Они вернулись довольно быстро.
– Суд склоняется к тому, что результаты испытания следует толковать в пользу обвиняемых и отпустить всех троих на свободу.
Пауль Элиассон оттолкнул стражников и вновь подбросил в воздух свою шапку – и на этот раз поторопился.
– Но! Мы обязаны согласовать решение уездного суда с мнением Его Величества, для чего в Стокгольм сегодня же будет послан курьер. В ожидании решения подозреваемые будут содержаться под стражей.
VIII
Лет через тридцать после этой памятной жеребьевки Марит Эриксдоттер сидела на крыльце свайного сруба в когда-то принадлежавшей ей усадьбе Стургорден в Ольсбю. Собралась связать варежки для внучатого племянника. Пусть порадуется ребенок. Мечтала, чтобы варежки вышли покрасивее, с полосками и клеточками, но с огорчением поняла, что не может припомнить ни один узор.

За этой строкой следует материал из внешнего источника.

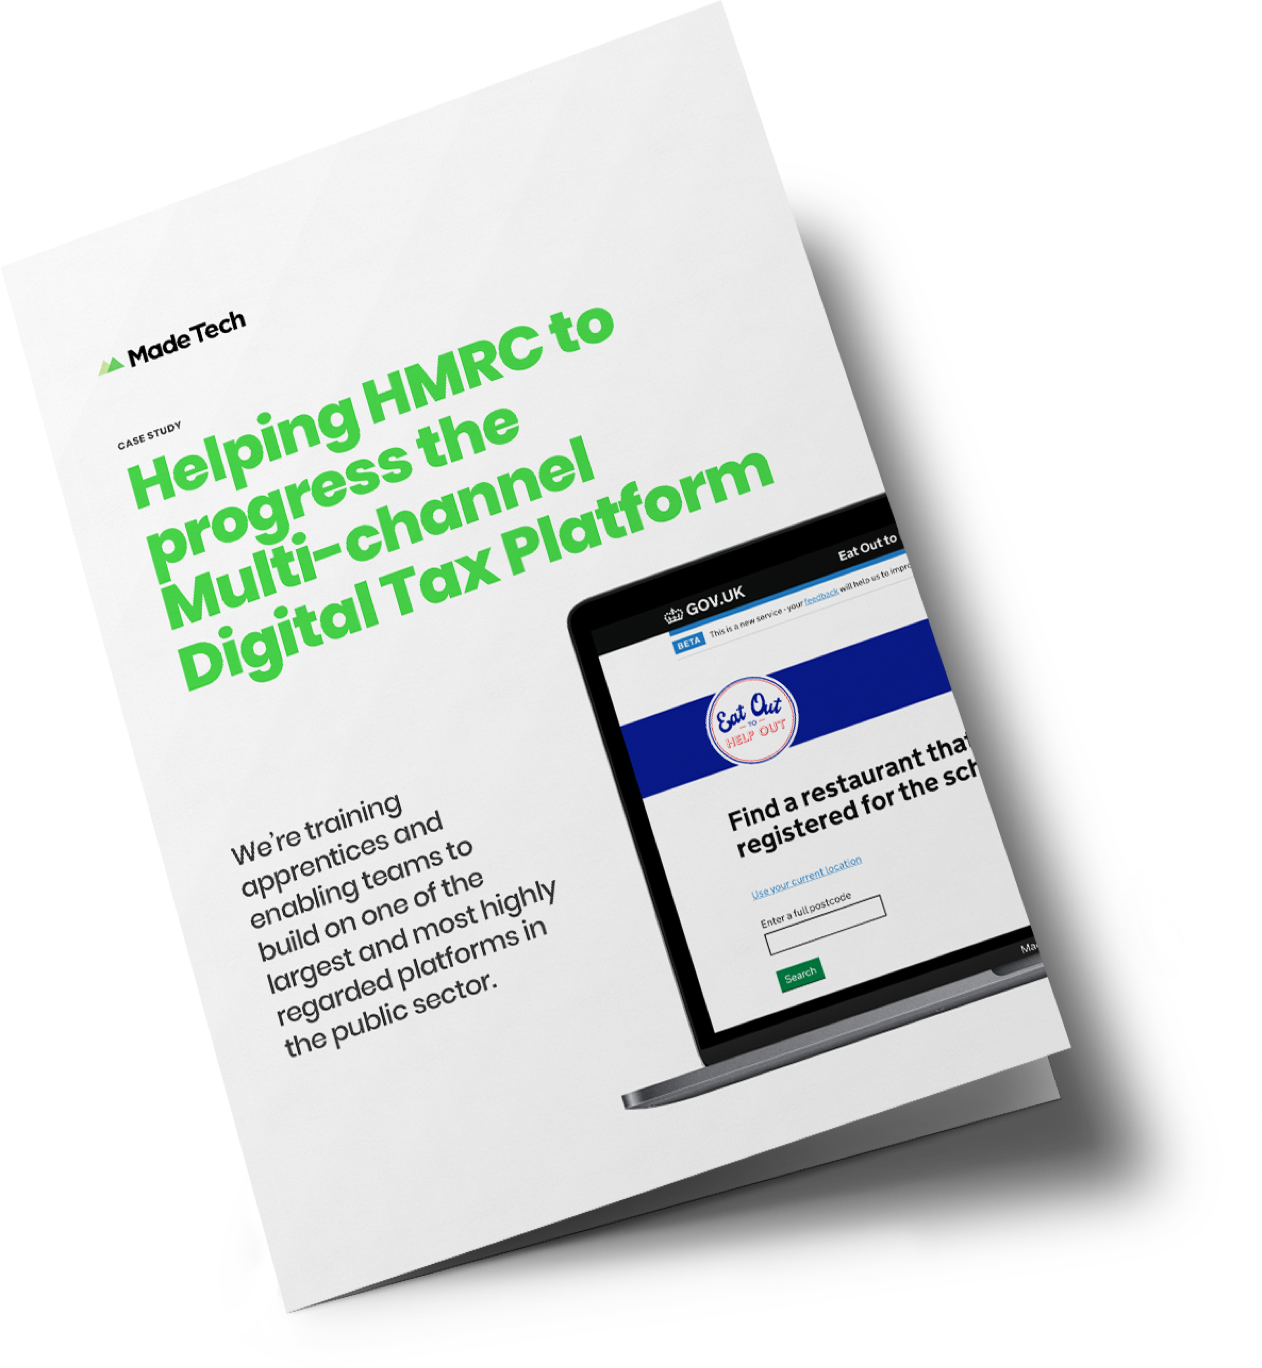 Helping HMRC to progress the Multi-channel Digital Tax Platform case study cover

Порисовала немного спицей на ступеньке, прикинула – ничего не выходит. Поднялась в хижину и открыла свой сундучок. На самом дне лежала шапочка с затейливым, искусно вывязанным узором. Она задумчиво повертела ее в руках и вернулась на крыльцо.
Рисунок, конечно, красивый, но шапочка изрядно побита молью.

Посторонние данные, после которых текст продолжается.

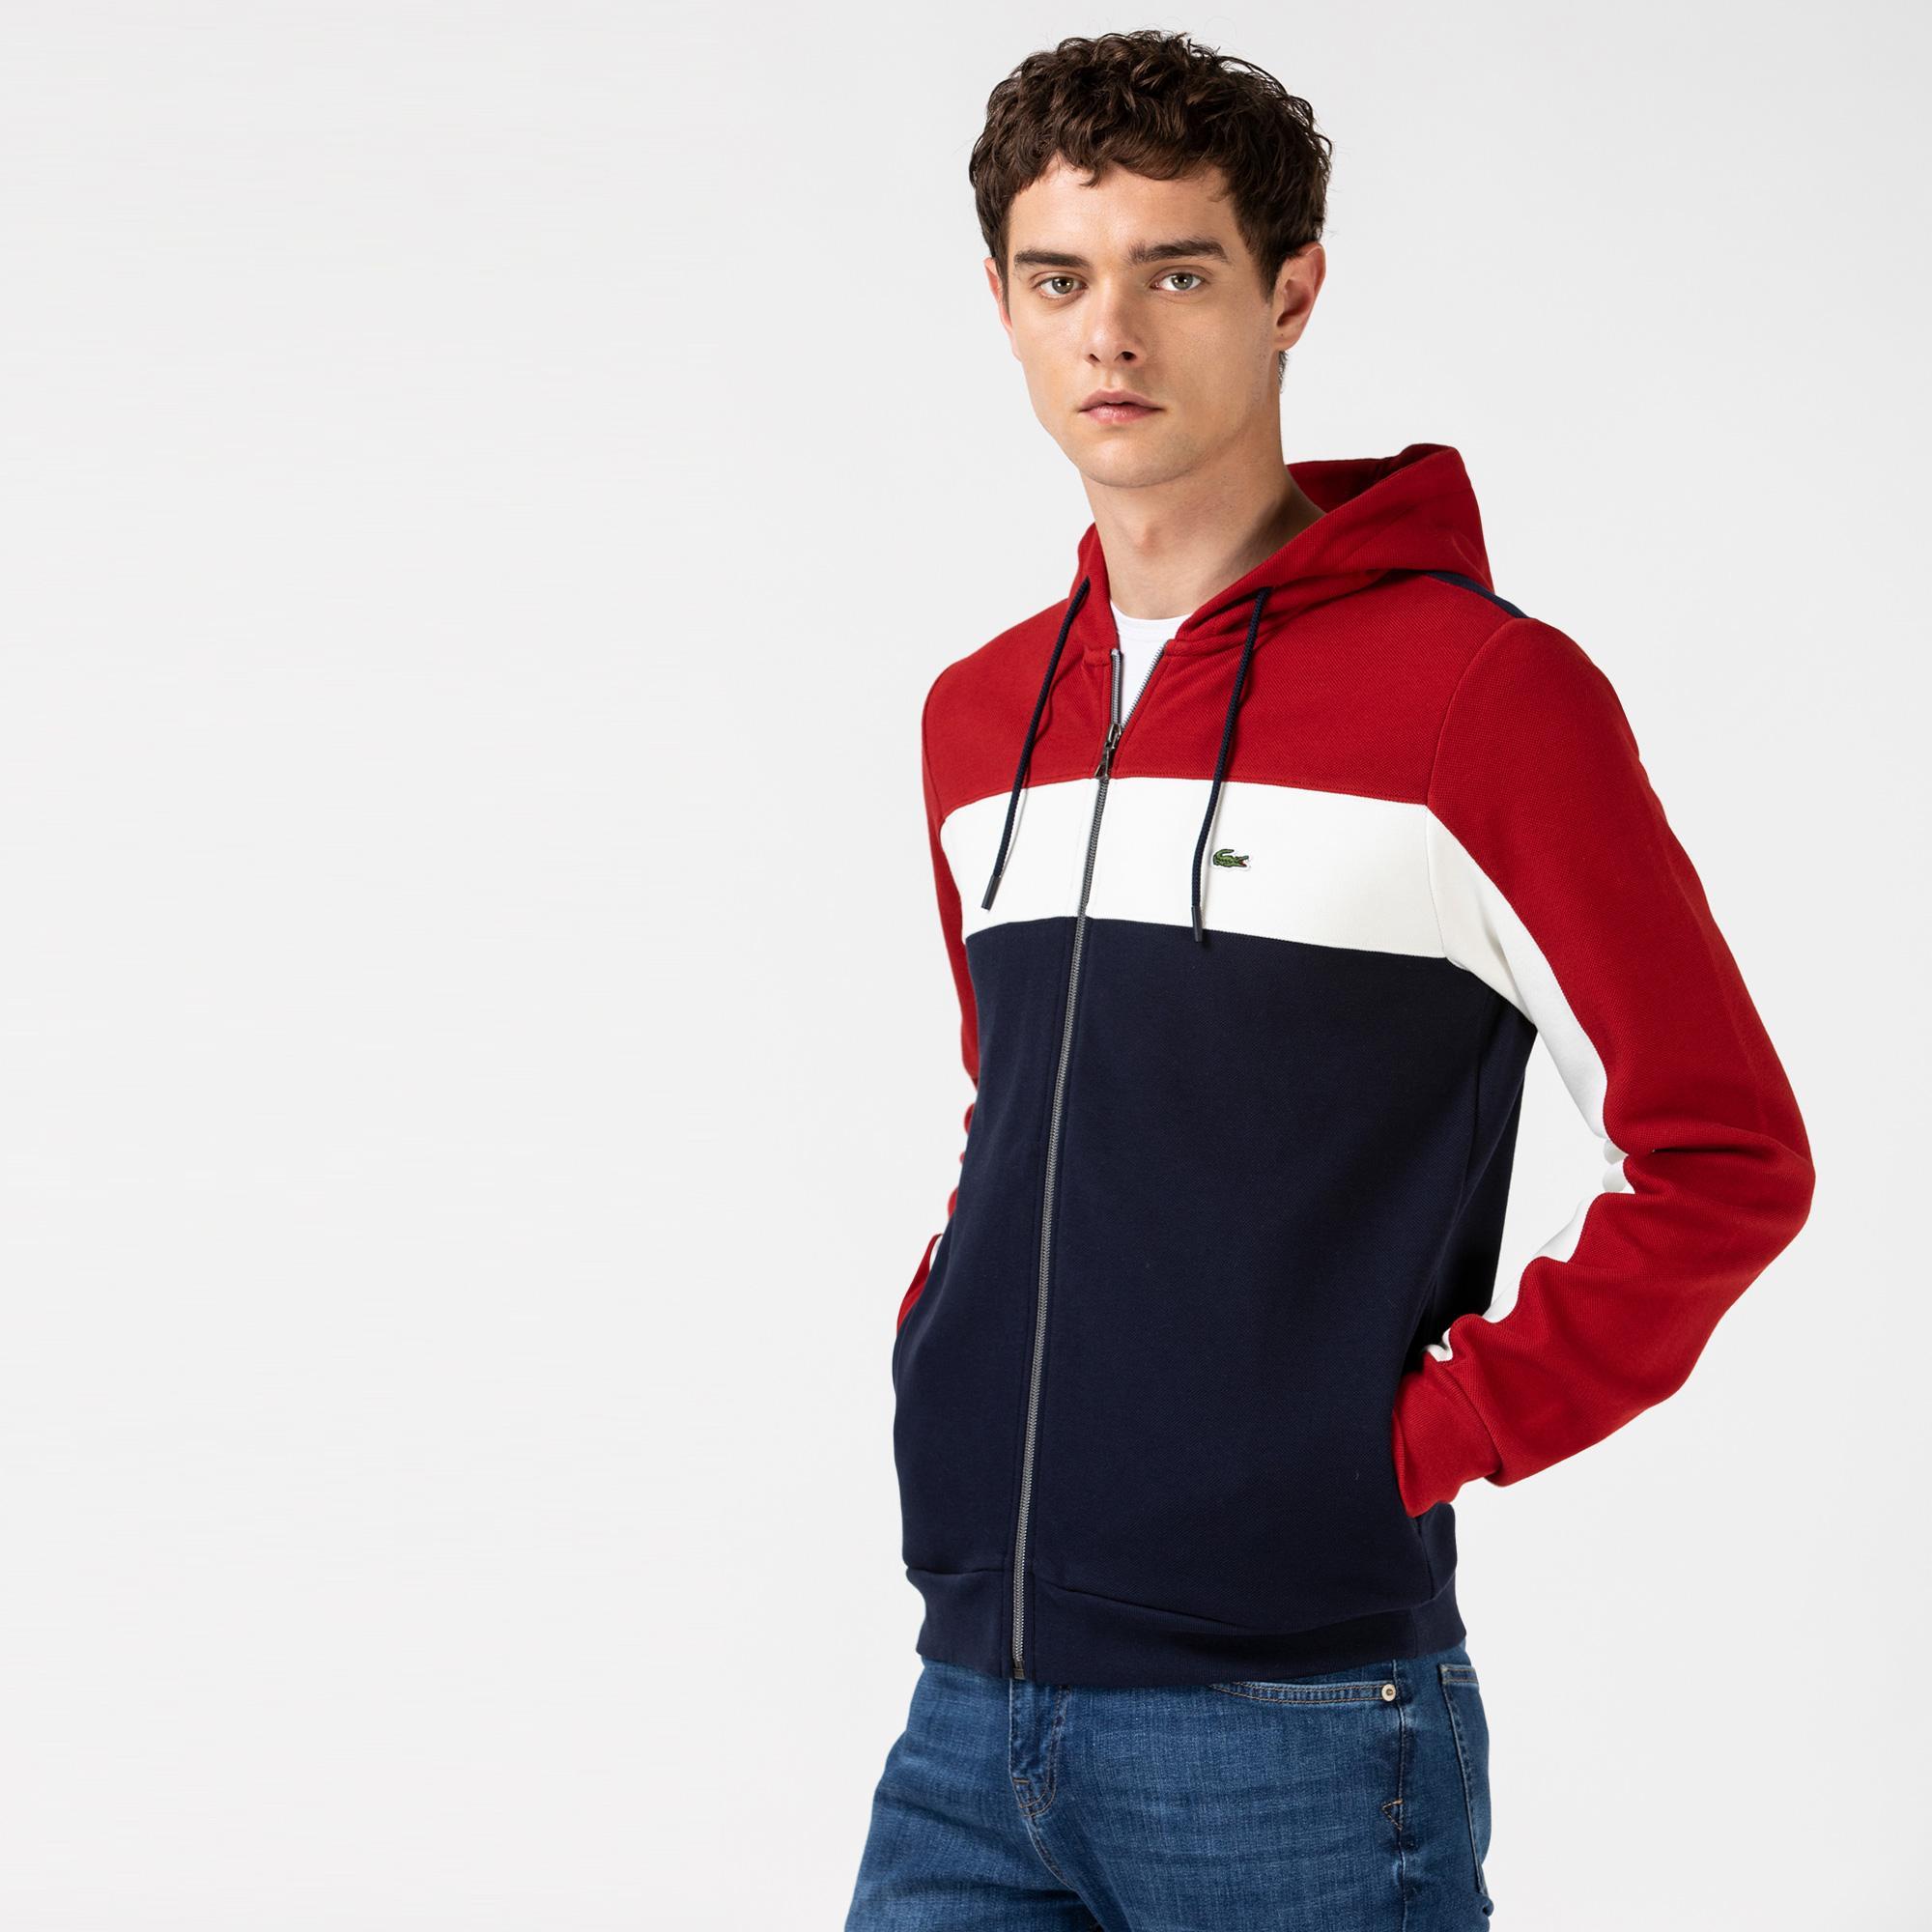 Lacoste Erkek Blok Desenli Kapüşonlu Renkli Sweatshirt

Что ж тут удивительного. Тридцать лет никто не надевал. Надо и остальные вещи посмотреть. Моль – такая зараза…
Шапочку украшал большой разноцветный помпон с кисточкой, в нем-то, скорее всего, и гнездилась моль. Марит встряхнула шапочку и чихнула – в воздух взвилось легкое облачко шерстяной пыли. Мало того, помпон оторвался и упал ей на колени. Она покачала головой и посмотрела, можно ли приладить его на место и есть ли в этом смысл. Похоже, уже вся шапка изъедена, начнешь работать – рассыплется в труху.
Внутри что-то блеснуло. Она раздвинула пряжу и увидела большой золотой перстень с печаткой из темно-красного, в изящных прожилках камня. Кто-то зашил его в помпон.
Шапка упала на пол. Она никогда раньше не видела этот перстень, но ей даже не понадобилось разглядывать инициалы и надпись на внутренней стороне – она и так знала.
Марит побледнела и прислонилась к треснувшей балясине. Ей показалось, что сердце сейчас разорвется.